Teichlab / celltypist

A tool for semi-automatic cell type classification
https://www.celltypist.org/
MIT License
284 stars 45 forks source link

Very low confidence score even though labels are correct #118

Closed mousepixels closed 5 months ago

mousepixels commented 5 months ago

I am about to potentially recommend this tool to thousands of people (@sanbomics) but I need clarification on one issue I have been having.

I made a custom model:

ref_model = celltypist.train(rdata, labels = 'CellType', n_jobs = 22, use_SGD = True, max_iter = 100, feature_selection = True, top_genes = 300)

And I annotated like this:

predictions = celltypist.annotate(adata, model=ref_model, majority_voting=False) predictions_adata = predictions.to_adata() adata.obs["ref_label"] = predictions_adata.obs.loc[adata.obs.index, "predicted_labels"] adata.obs["ref_score"] = predictions_adata.obs.loc[adata.obs.index, "conf_score"]

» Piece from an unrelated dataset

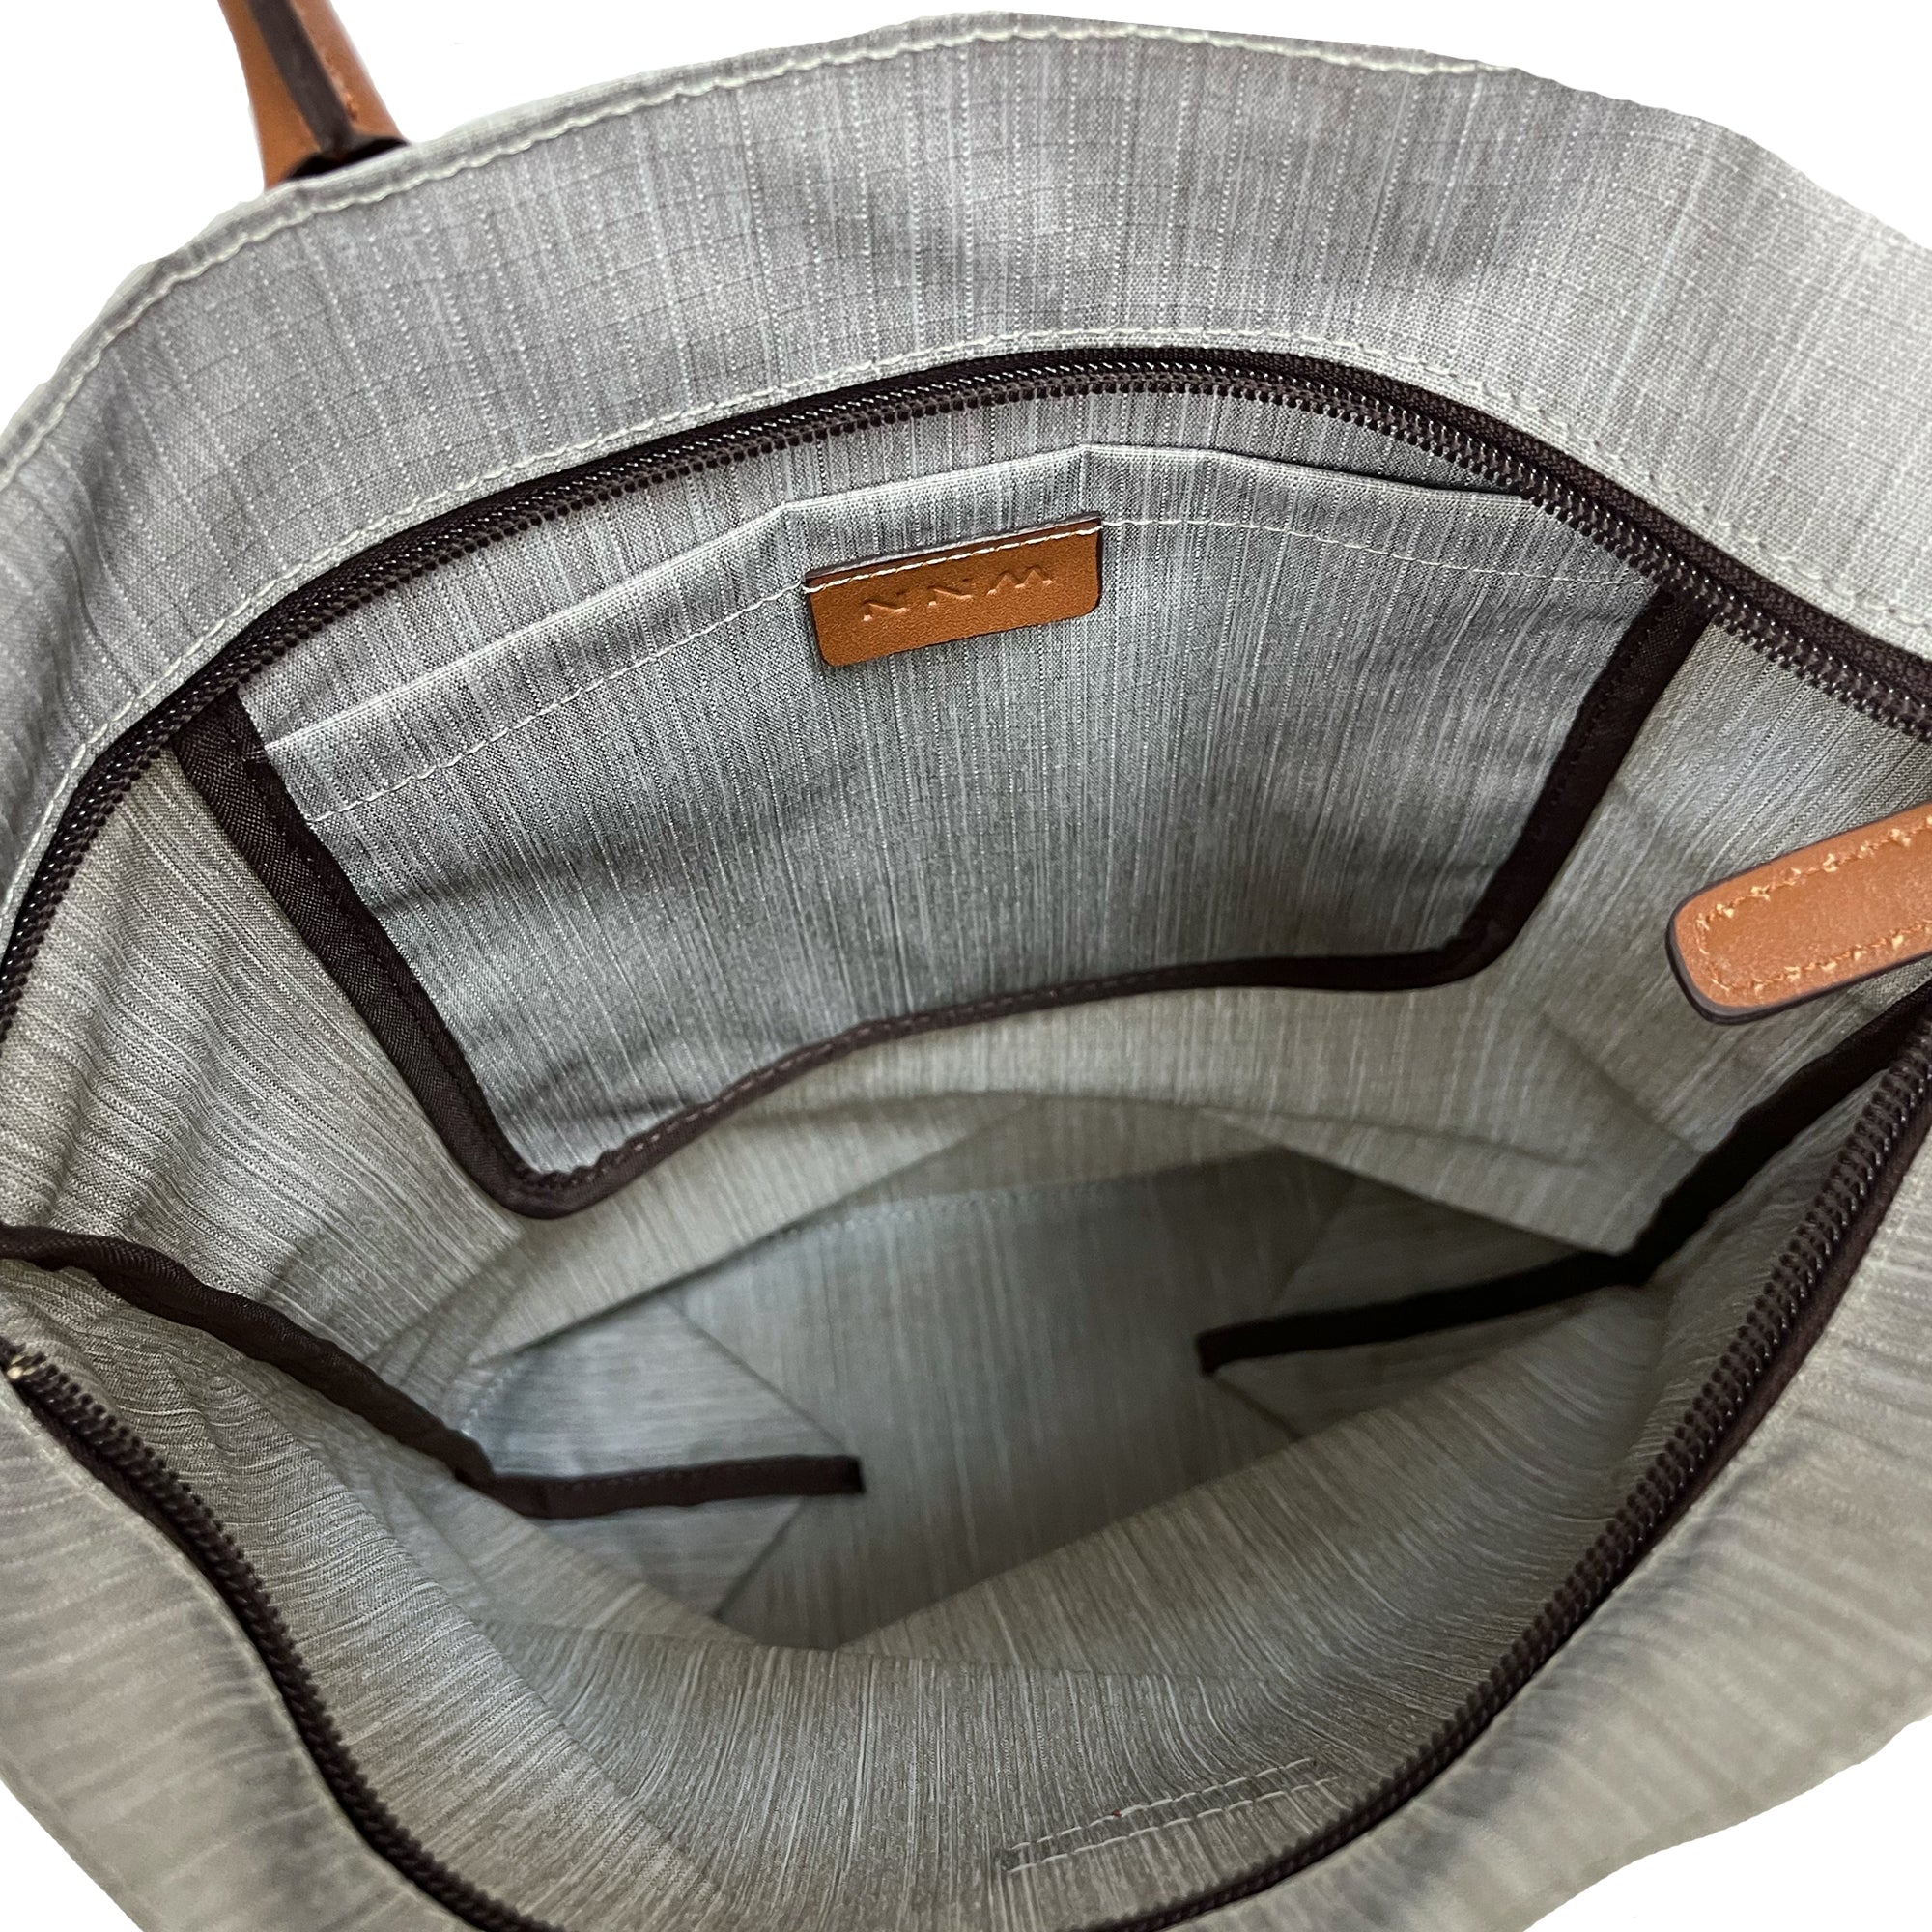 NNM | Foldable Bag • V 
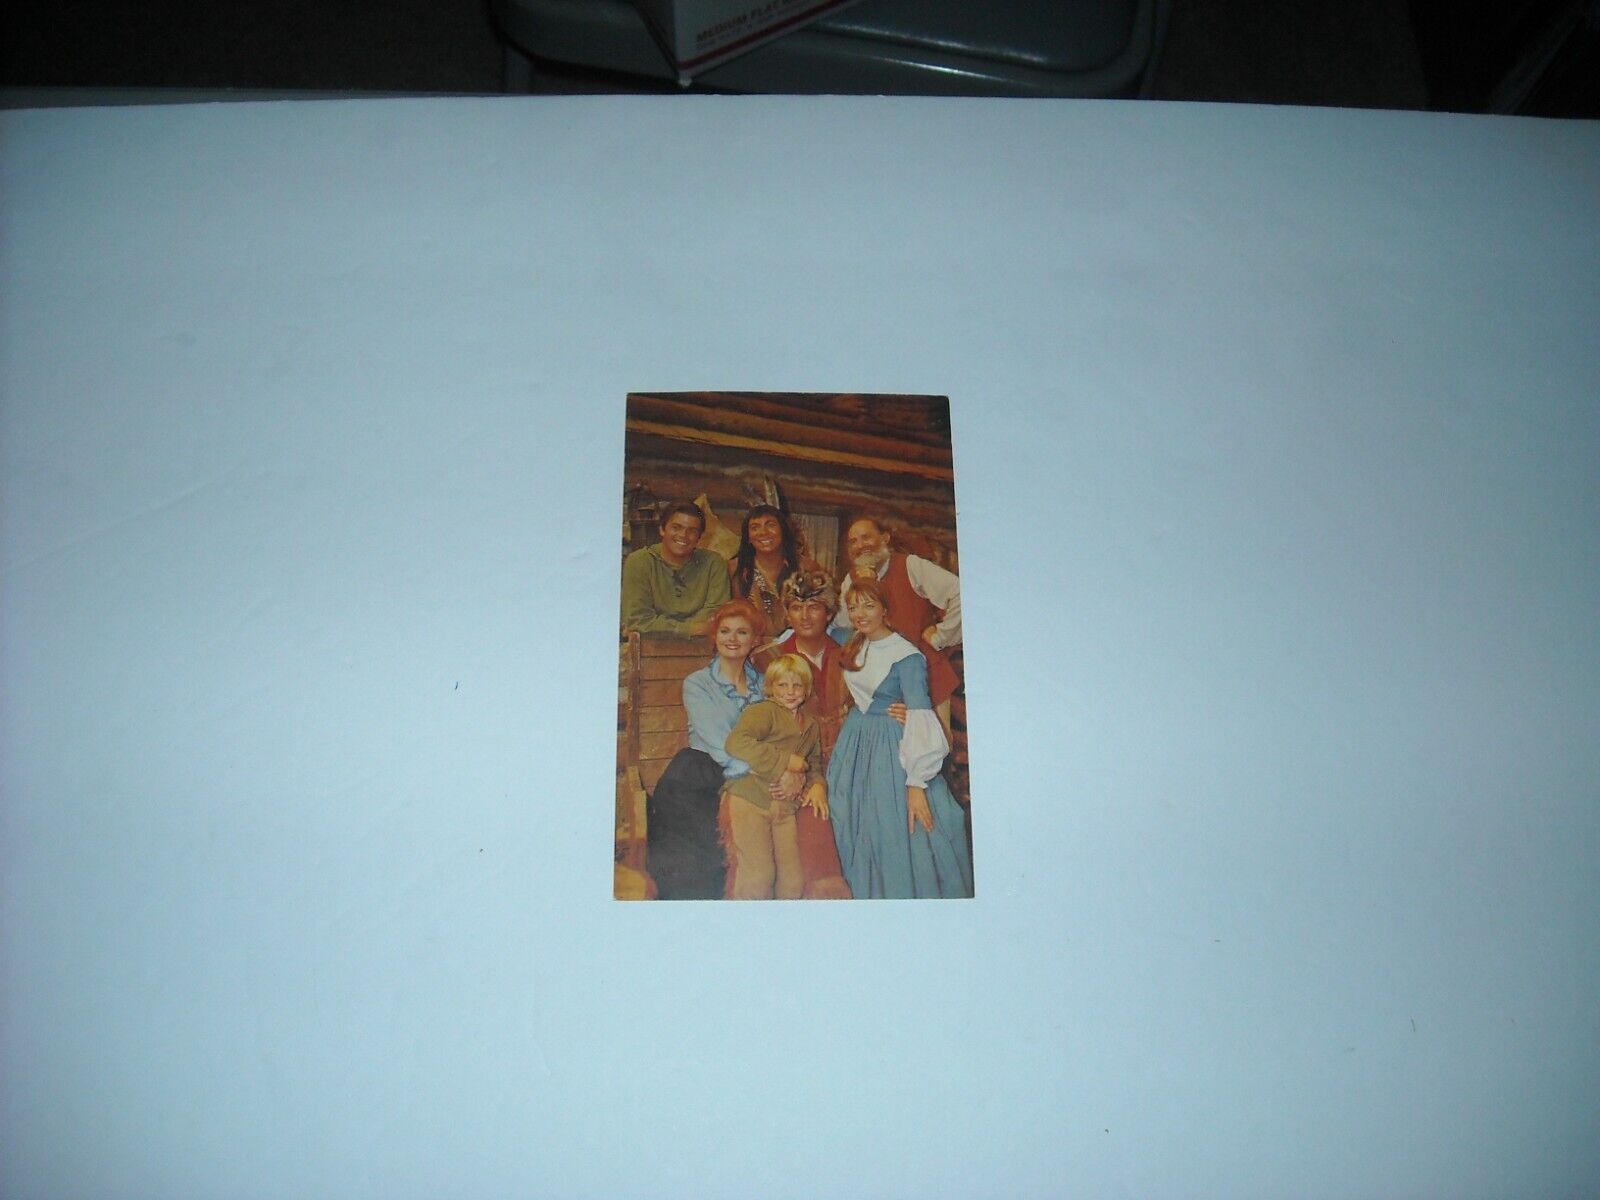 Fess Parker Daniel Boone TV Show Actors Cast Color Photo Postcard size 3.5 x 5.5

I am getting crazy low conf_score values for most cells. Like 3e-249 or just 0.

However, I know for sure that many of the transferred labels are correct. And the cells are projected in similar space (if the probabilities were close to 0 what is the chance they aren't just distributed randomly?). See attached UMAPs for example.

I KNOW the projected labels are accurate for many of these, e.g., T cells, NK, B, etc. But the confidence score is 0?

I really like your tool, but I need to find an explanation for this before I feel comfortable recommending it.

Thanks for any help!!

image image

ChuanXu1 commented 5 months ago

@mousepixels, I noticed you used SGD for training. SGD is faster as compared to other solvers, but sometimes needs more parameter tuning (e.g., train-test-split-based cross validation for finding the best parameter combo); otherwise, the probability/confidence score will be biased in some cases, either ~0 or ~1.

If you need a quick model without spending time tuning the parameters, you can turn off SGD by use_SGD = False to get a model that is slower in training but more interpretable. Note the first round of training for selecting top features (when feature_selection =True) will always be SGD based.

mousepixels commented 5 months ago

Amazing. That solved the issue completely and really didn't add more than like 20 more seconds to training. Thanks!